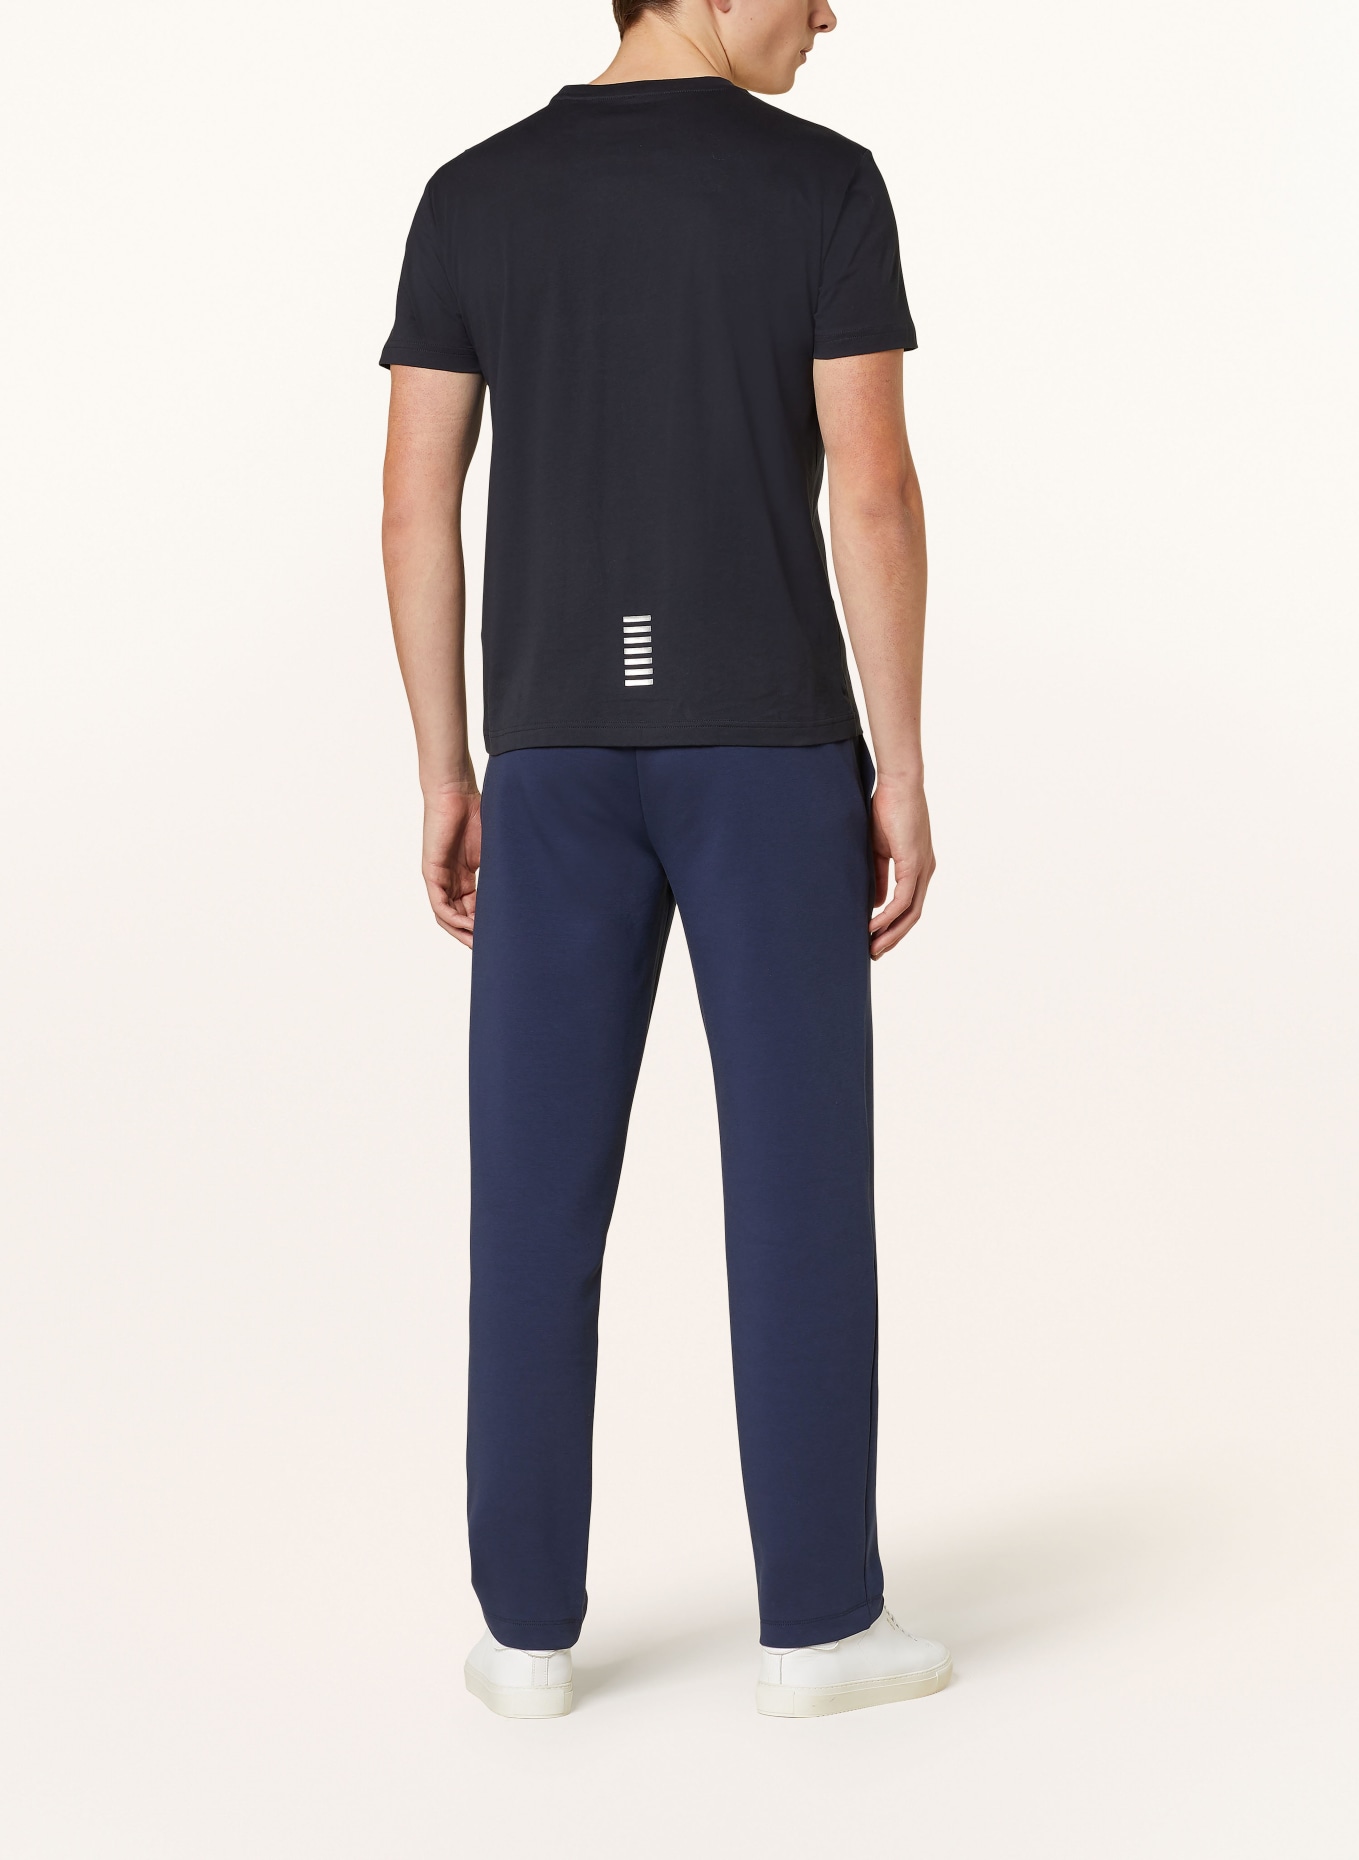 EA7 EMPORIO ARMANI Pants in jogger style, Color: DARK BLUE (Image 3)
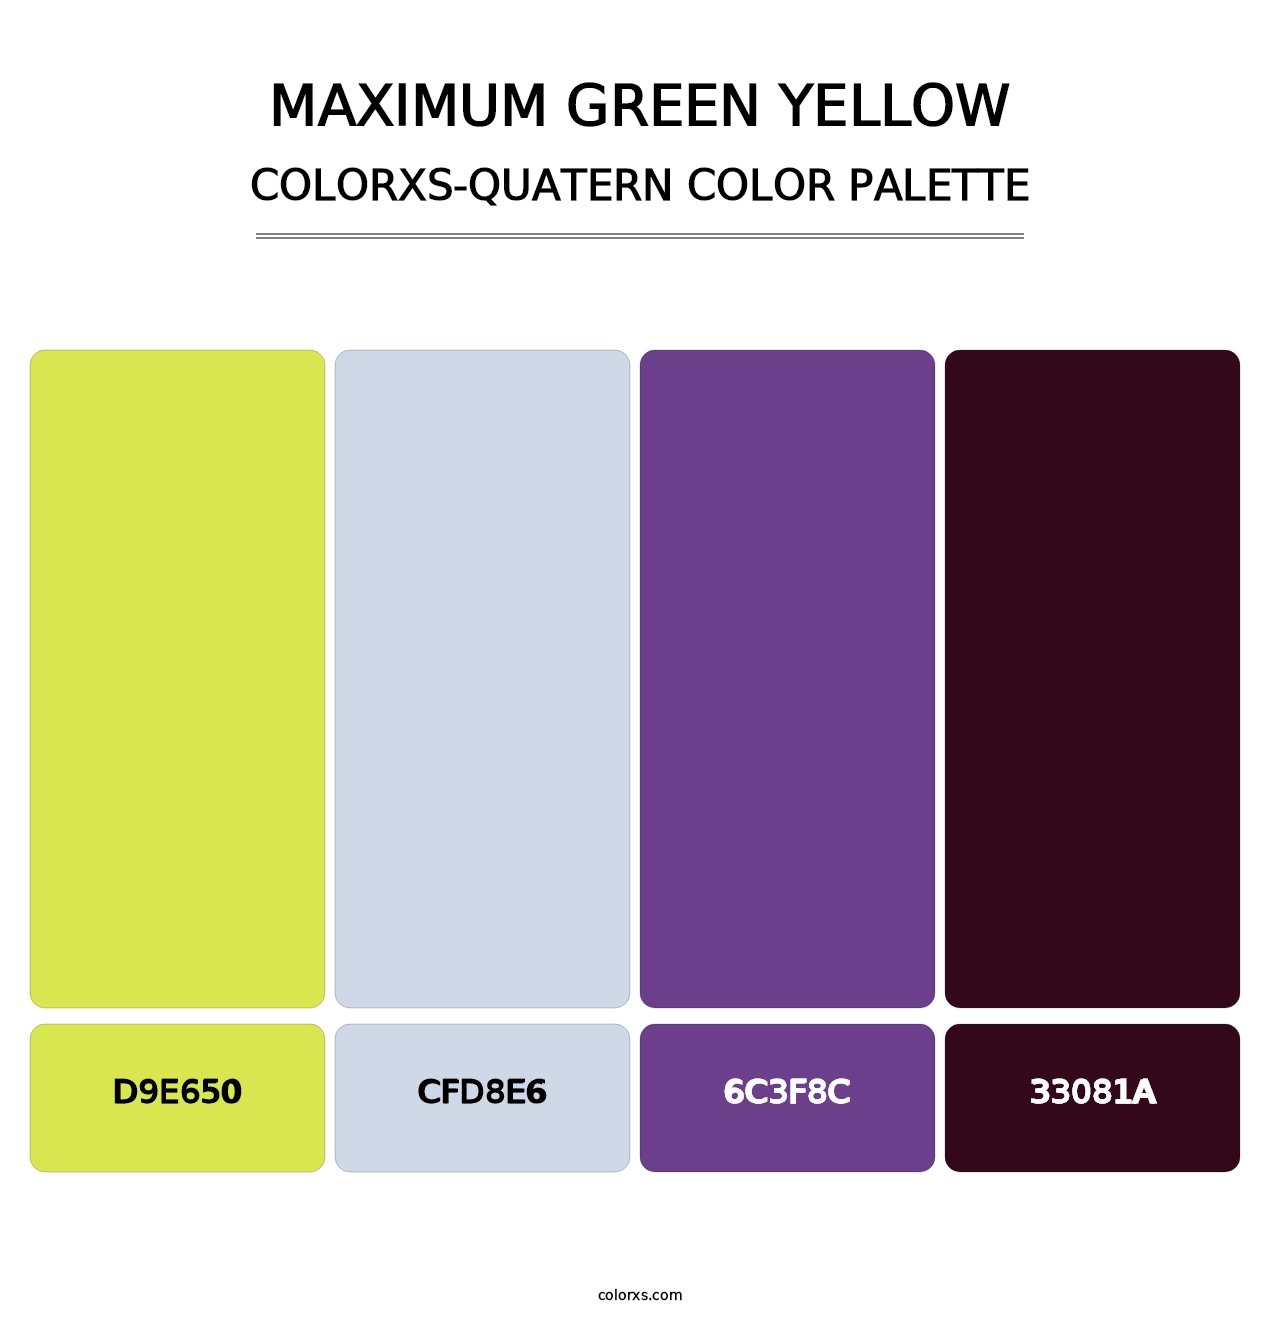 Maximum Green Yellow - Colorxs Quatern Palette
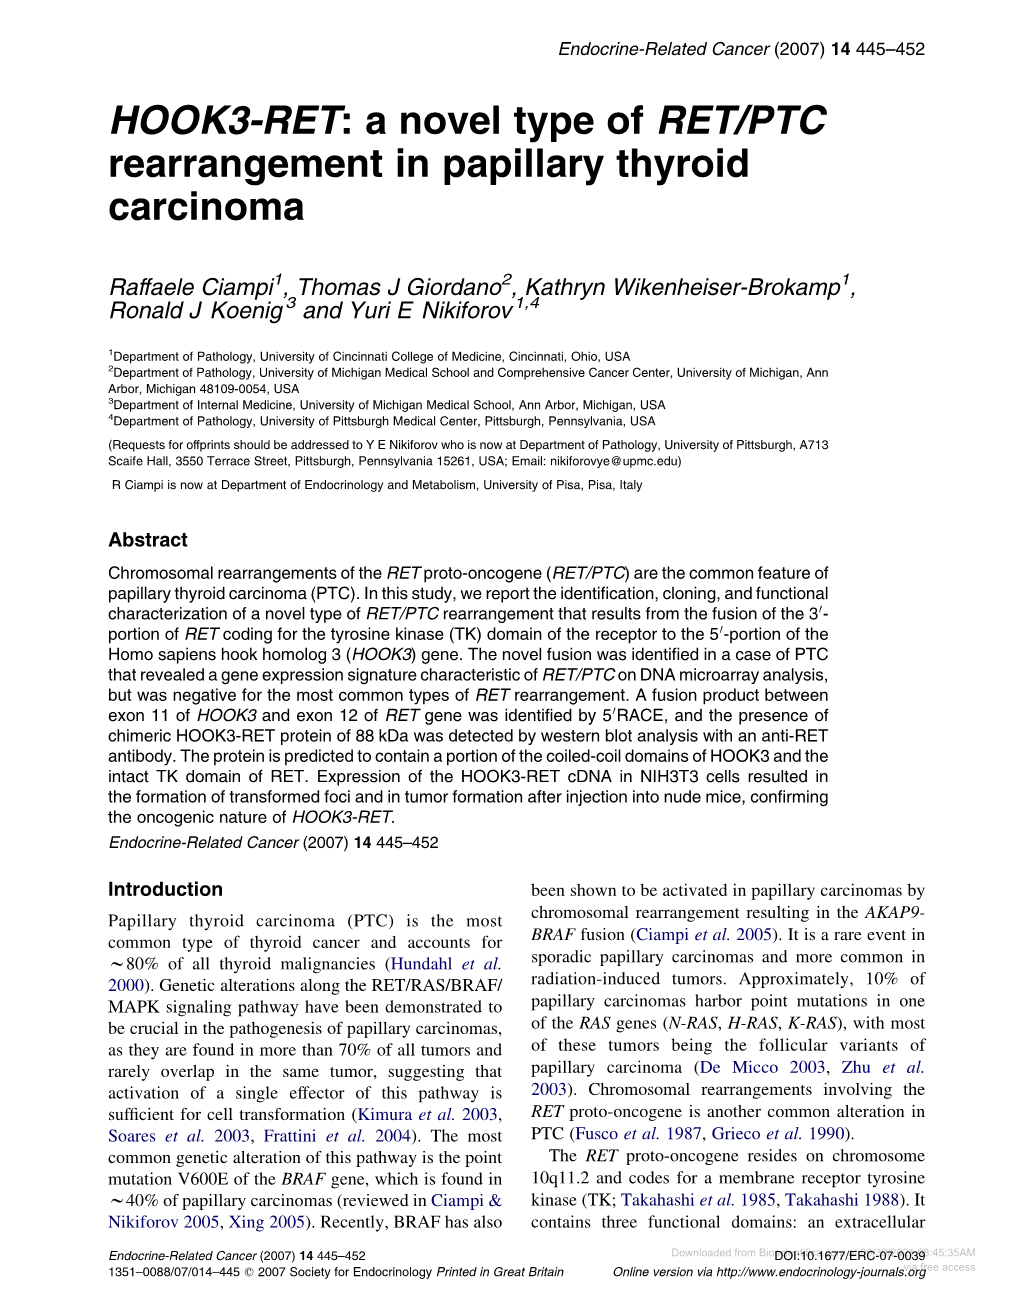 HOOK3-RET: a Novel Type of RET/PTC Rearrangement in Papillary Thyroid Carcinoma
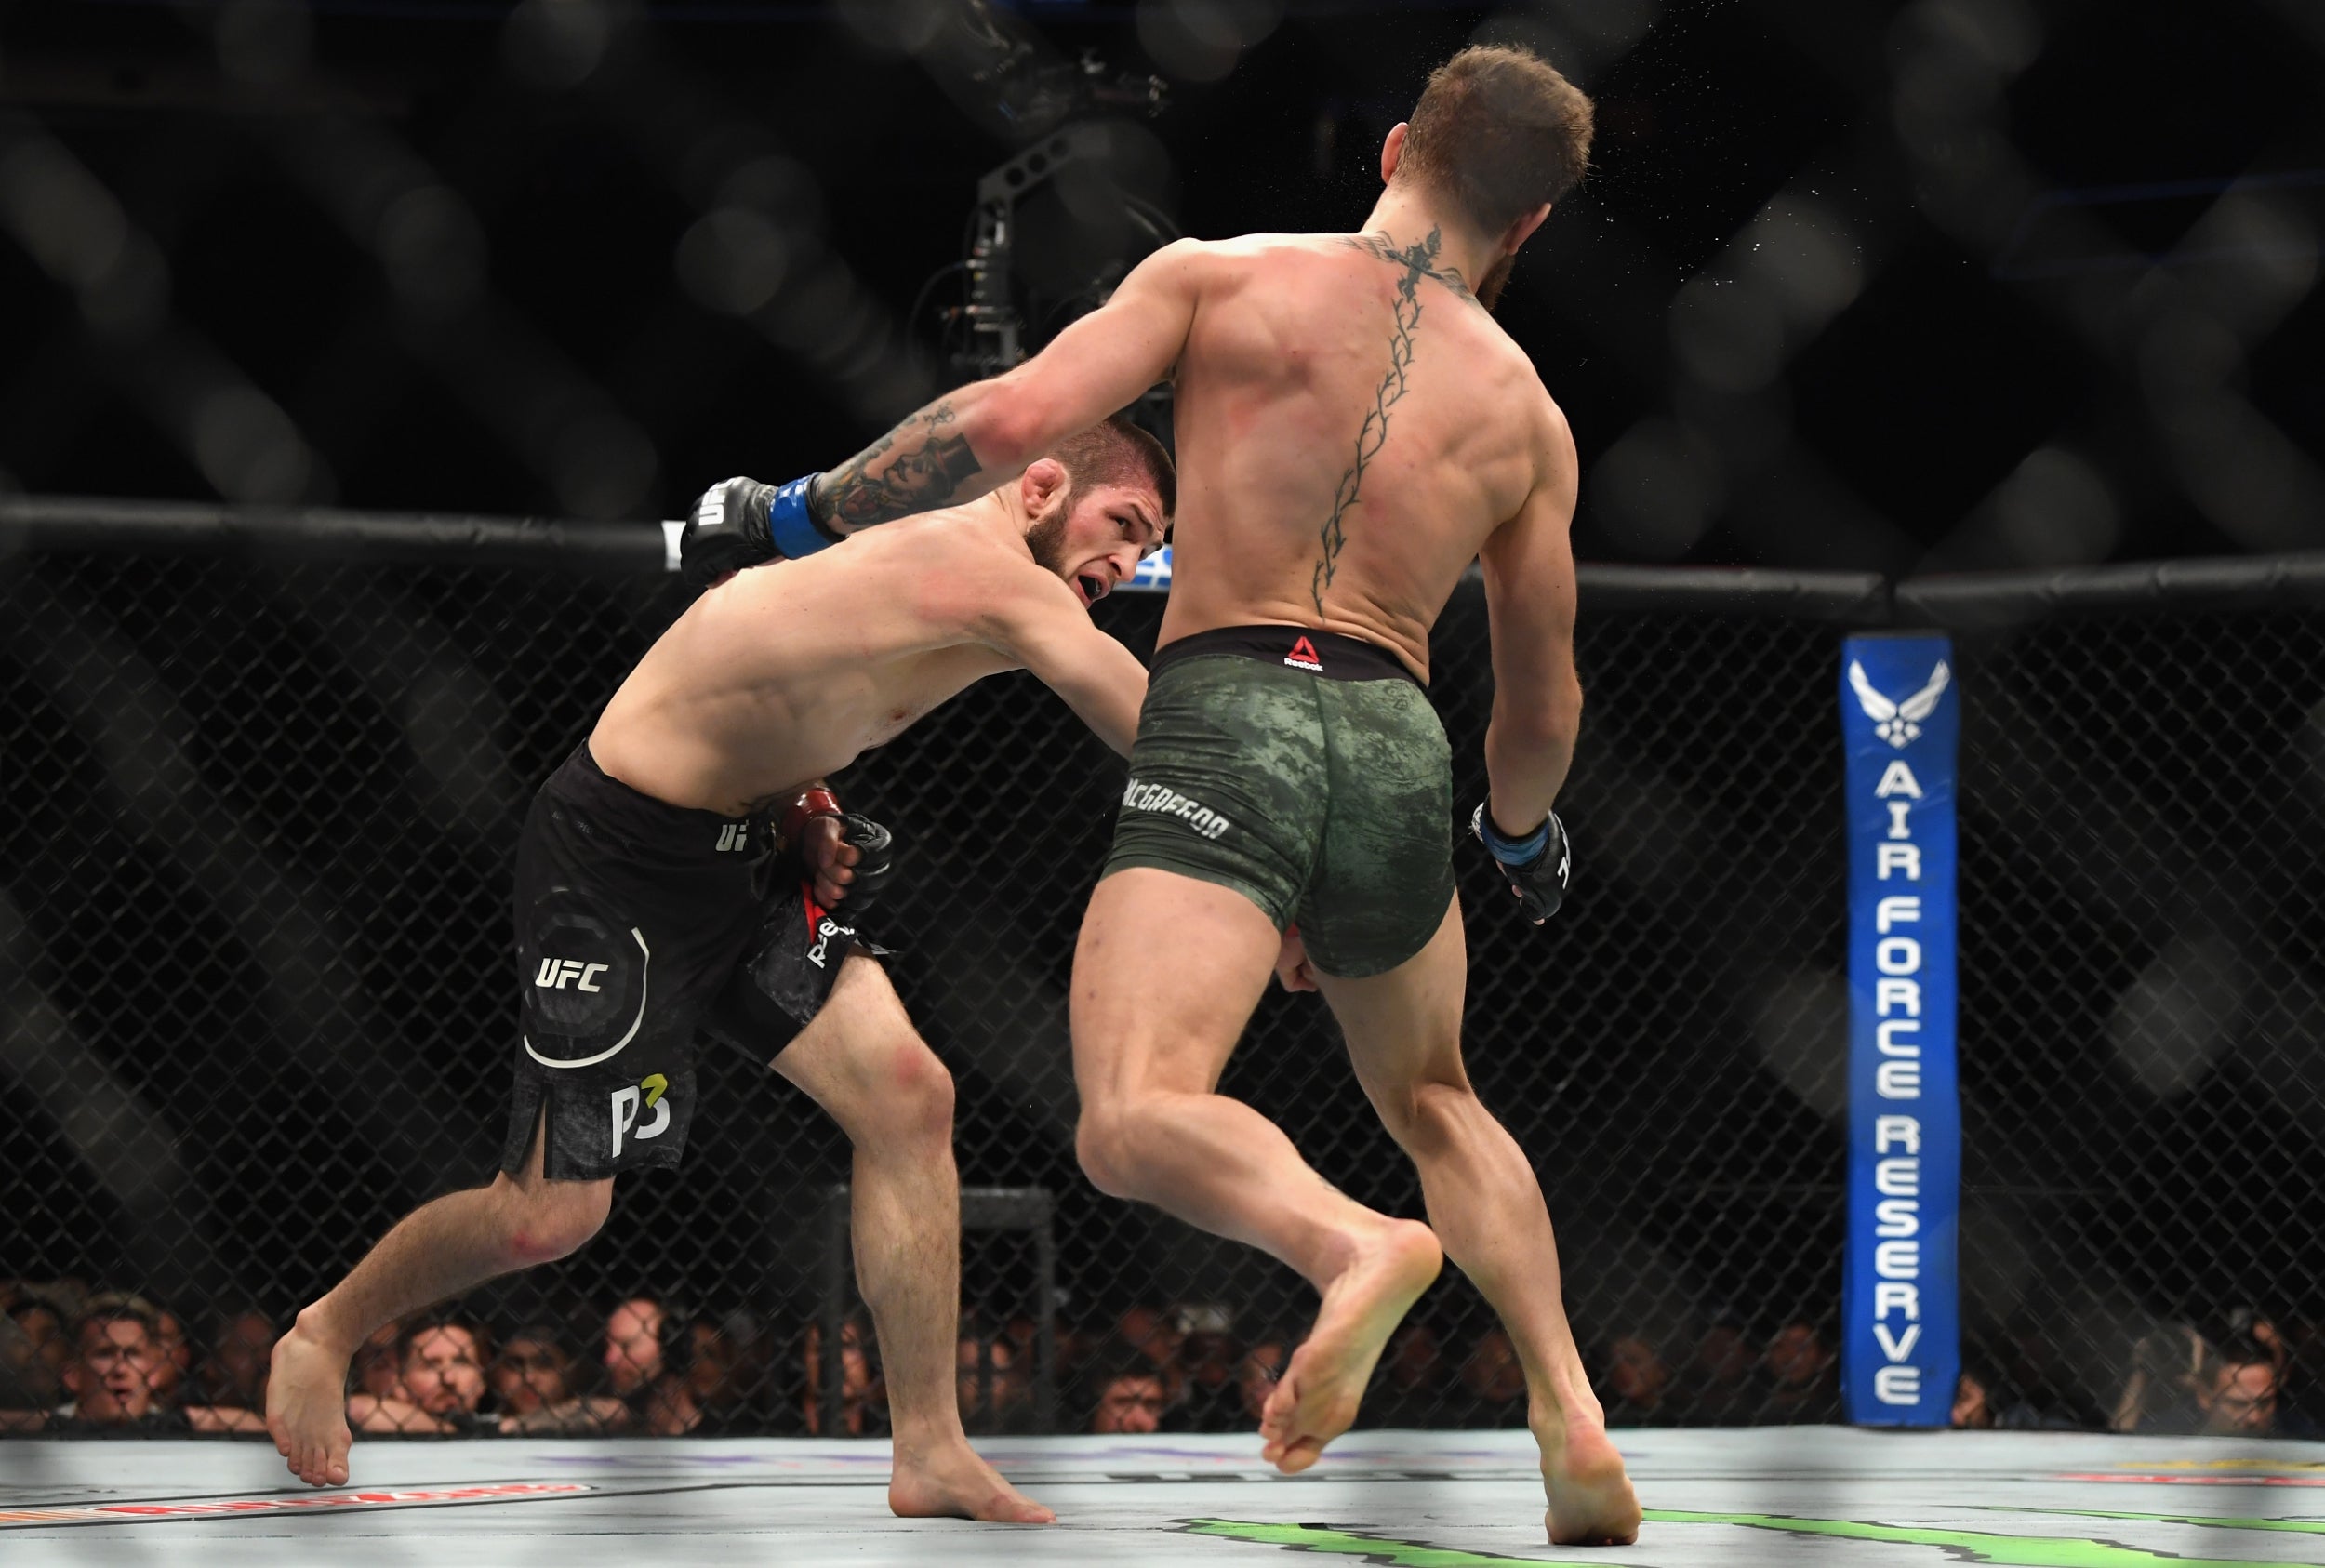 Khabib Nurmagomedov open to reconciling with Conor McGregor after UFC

Task item:
The entire listing is to be printed exactly, with each picture omitted.

Response to the task:
 EA7 EMPORIO ARMANI Pants in jogger style, Color: DARK BLUE (Image 3)
 Maximum Green Yellow - Colorxs Quatern Palette
 HOOK3-RET: a Novel Type of RET/PTC Rearrangement in Papillary Thyroid Carcinoma
 Khabib Nurmagomedov open to reconciling with Conor McGregor after UFC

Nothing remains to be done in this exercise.